If you set out to read this book, and were not able to finish
it during an entire presidential administration, you'd not be the first. You
already know the plot: Algeria, Italy, Germany, the White House. Details you
might want to use in an historical study are listed in the index, provided that
you know which people and places you're looking for. (You may or may not have
been interested in knowing that General Eisenhower managed to keep both dogs
and cats, overseas; Butcher introduces two of each and explains how three of
the animals got their names.)
There's something ineffably icky, for me, about official
military history. It's dry, detached—as it has to be. Military leaders live in
comfortable houses, throughout a modern war, and don't even have to see an
actual combat zone. Eisenhower thought “Telegraph Cottage” needed a dog, and
named the dog Telek; Butcher thought “Telek” sounded like a brand name for a
toothbrush; Eisenhower cheerfully observed that the dog's tail looked a bit
like a toothbrush...Yonder are men shot through their eyes. The heavens veil
their face from Man's intolerable race, drifts through my mind. No, I don't
prefer the memoirs or reports of those actually wading through the very special
war mud that was compounded of ordinary dirt, garbage and bodywastes, plus the
liquid effluvia from human corpses. I would prefer that humans figured out that
there have to be better ways to resolve disputes, and limit population, than war.

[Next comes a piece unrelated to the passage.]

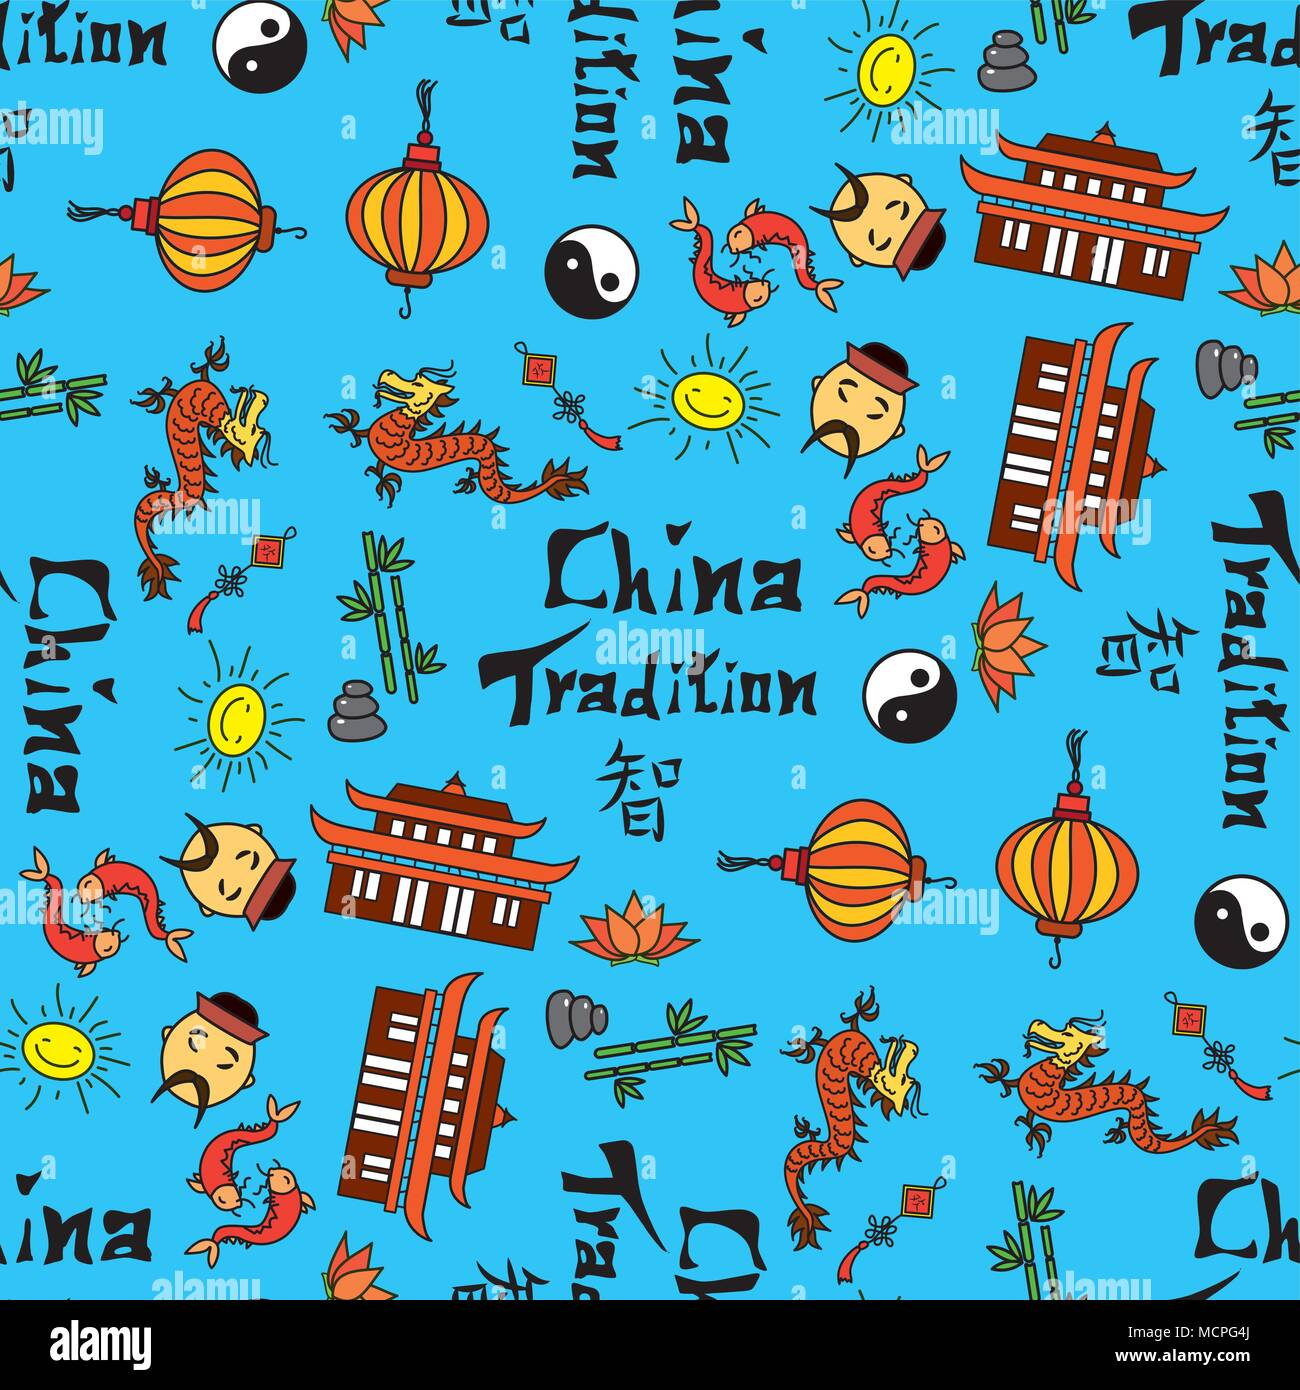 China Symbol And Hieroglyph Seamless Pattern Stock Vector
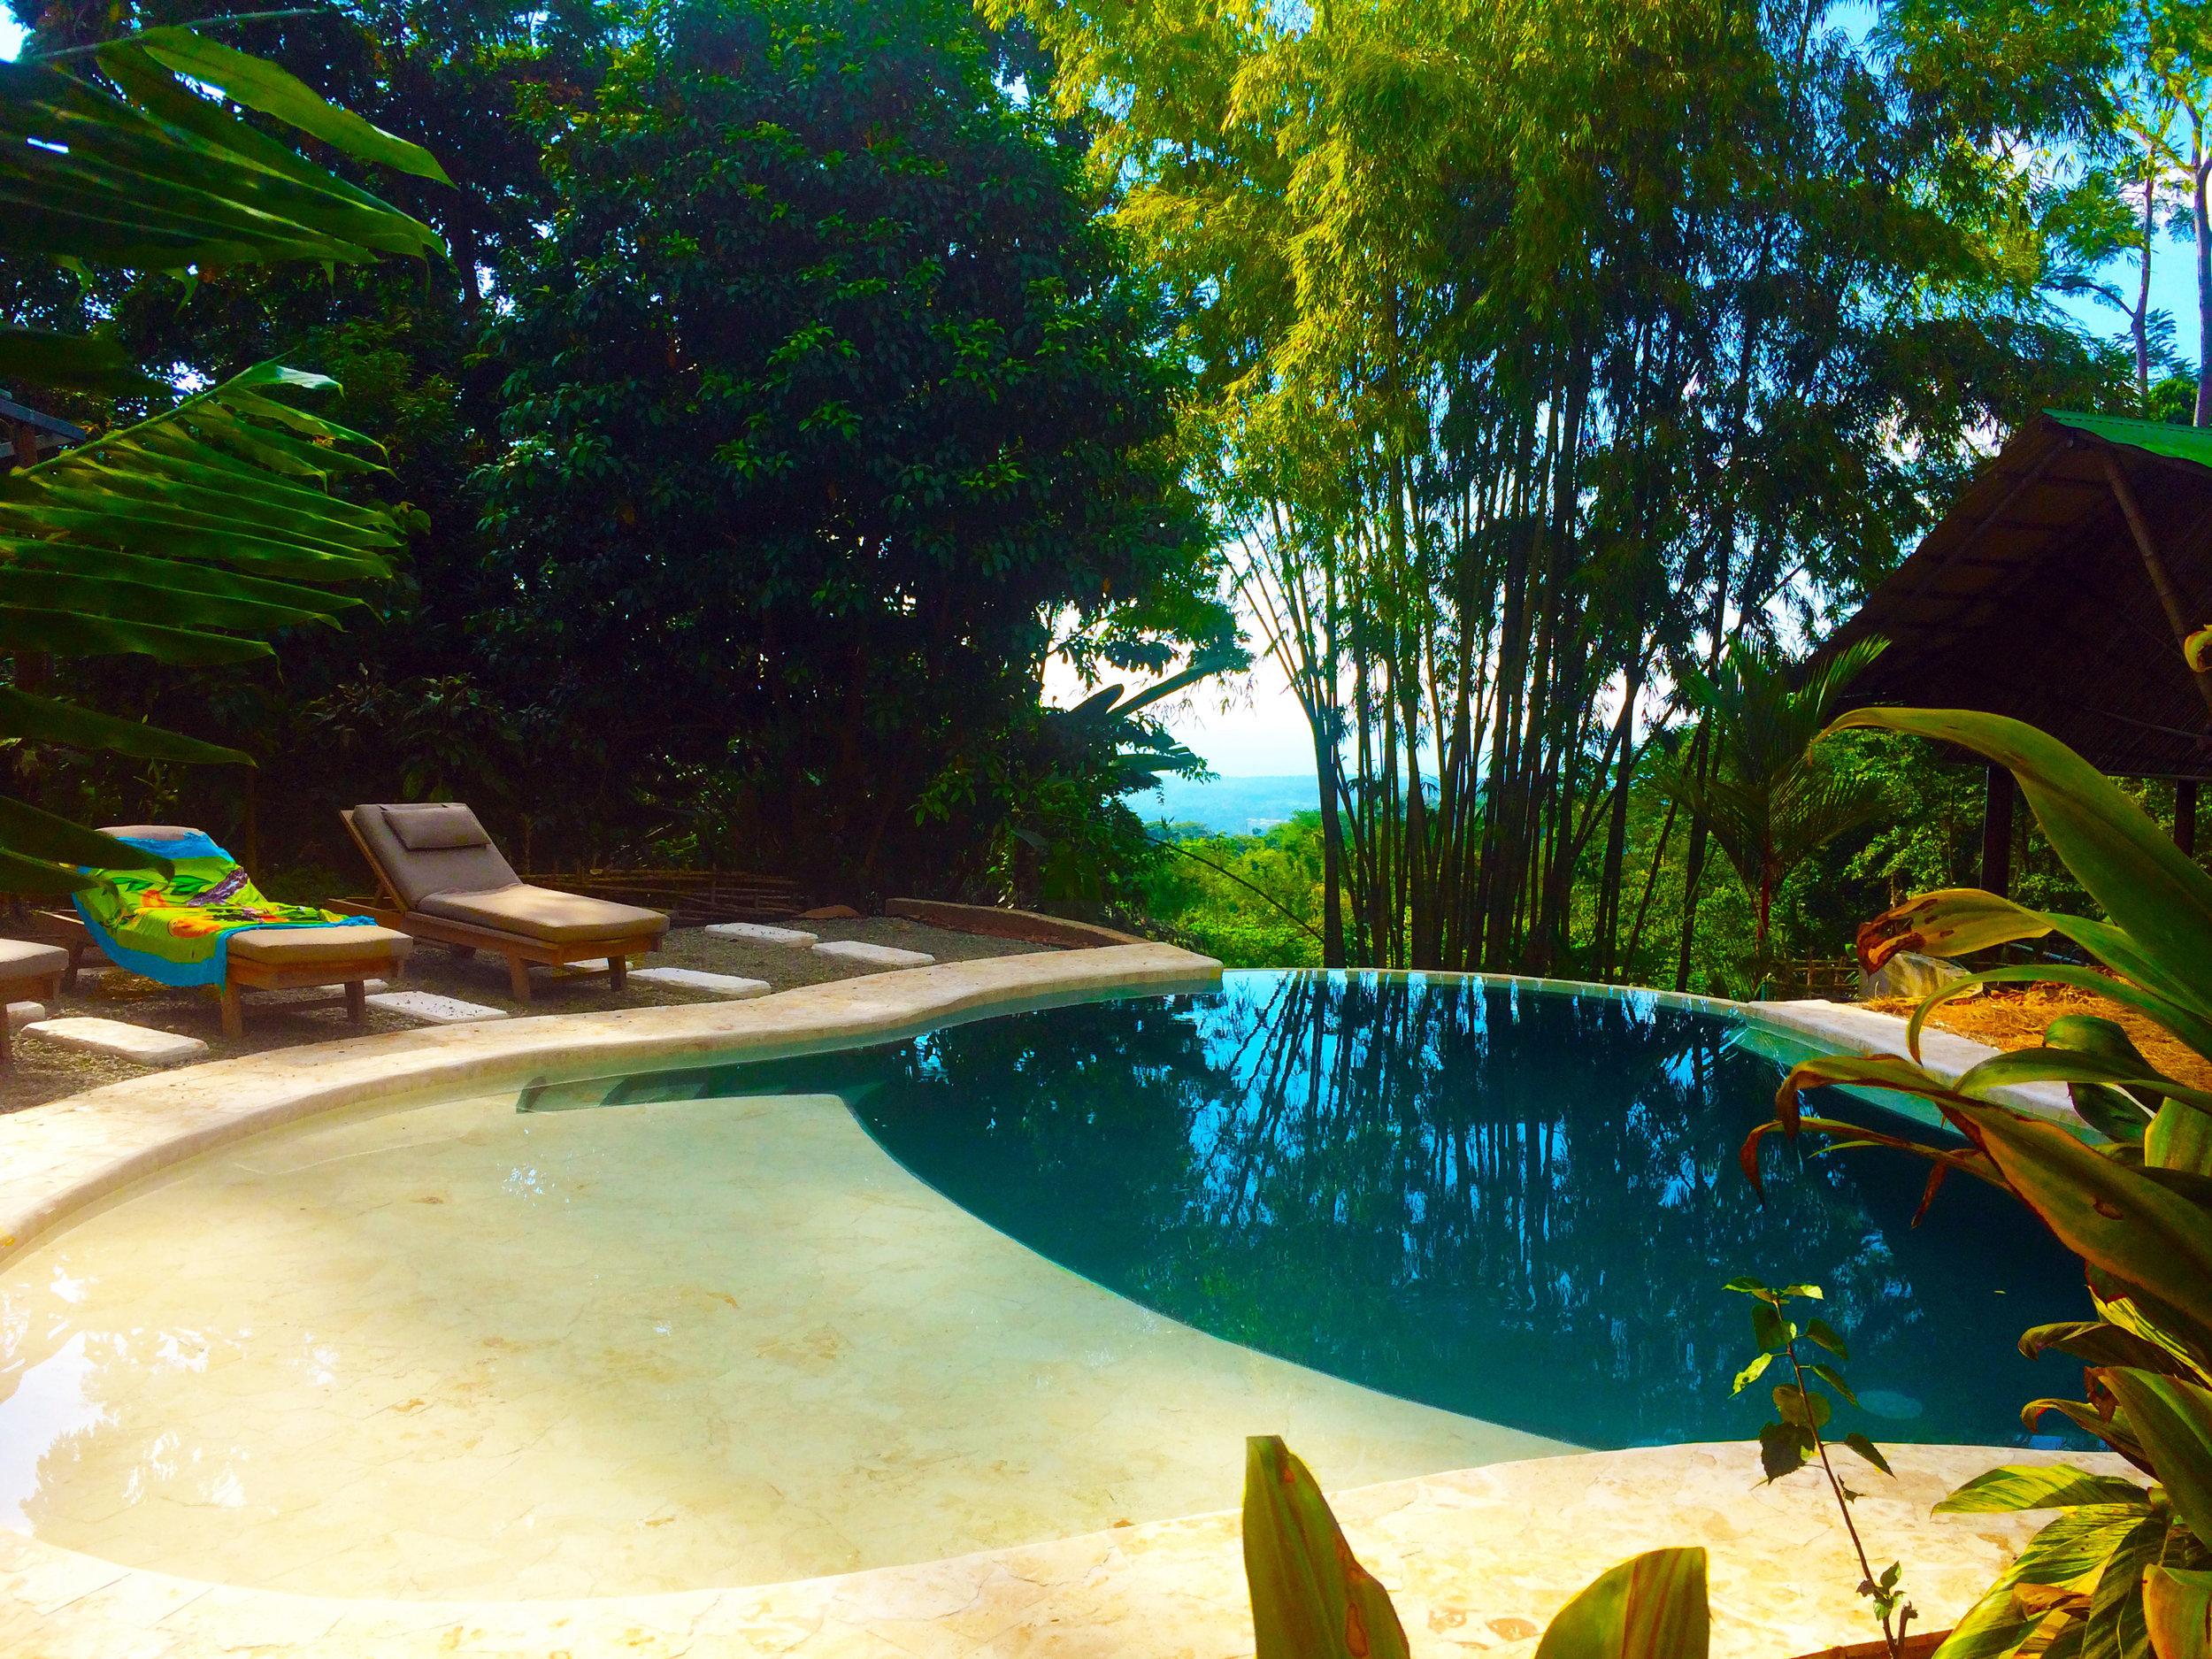 retreat_selva-armonia_yoga-november_2015-pool.jpg

Read an honest war story and say that making a third baby is
less a “perversion” than any other sexual act of which humans are capable, if
you can. Military history is written by people sitting at a distance sufficient
that they can go on giving other things higher priority than ending the
practice (and the felt need) of war. Wars are won by people capable of
forgiving their leaders for bickering about the best name to give a puppy while
those people, themselves, are using a friend's body as a shield. It is
better to win wars than to lose wars, and we respect and thank the people who
fought the wars...but when will we evolve an acceptance of better ways
to thin our population down?
Sorry. Here is a war story, not necessarily dishonest for its
distance from what your grandfather probably remembered. Buy it if it's useful
to you. I've left a few pages of the index uncut, and I promise I didn't cough
on the book. It's not a Fair Trade Book and will cost $5 per book, $5 per package, and $1 per online payment; two copies of this book might or might not fit into one package but several smaller books would fit in alongside one copy.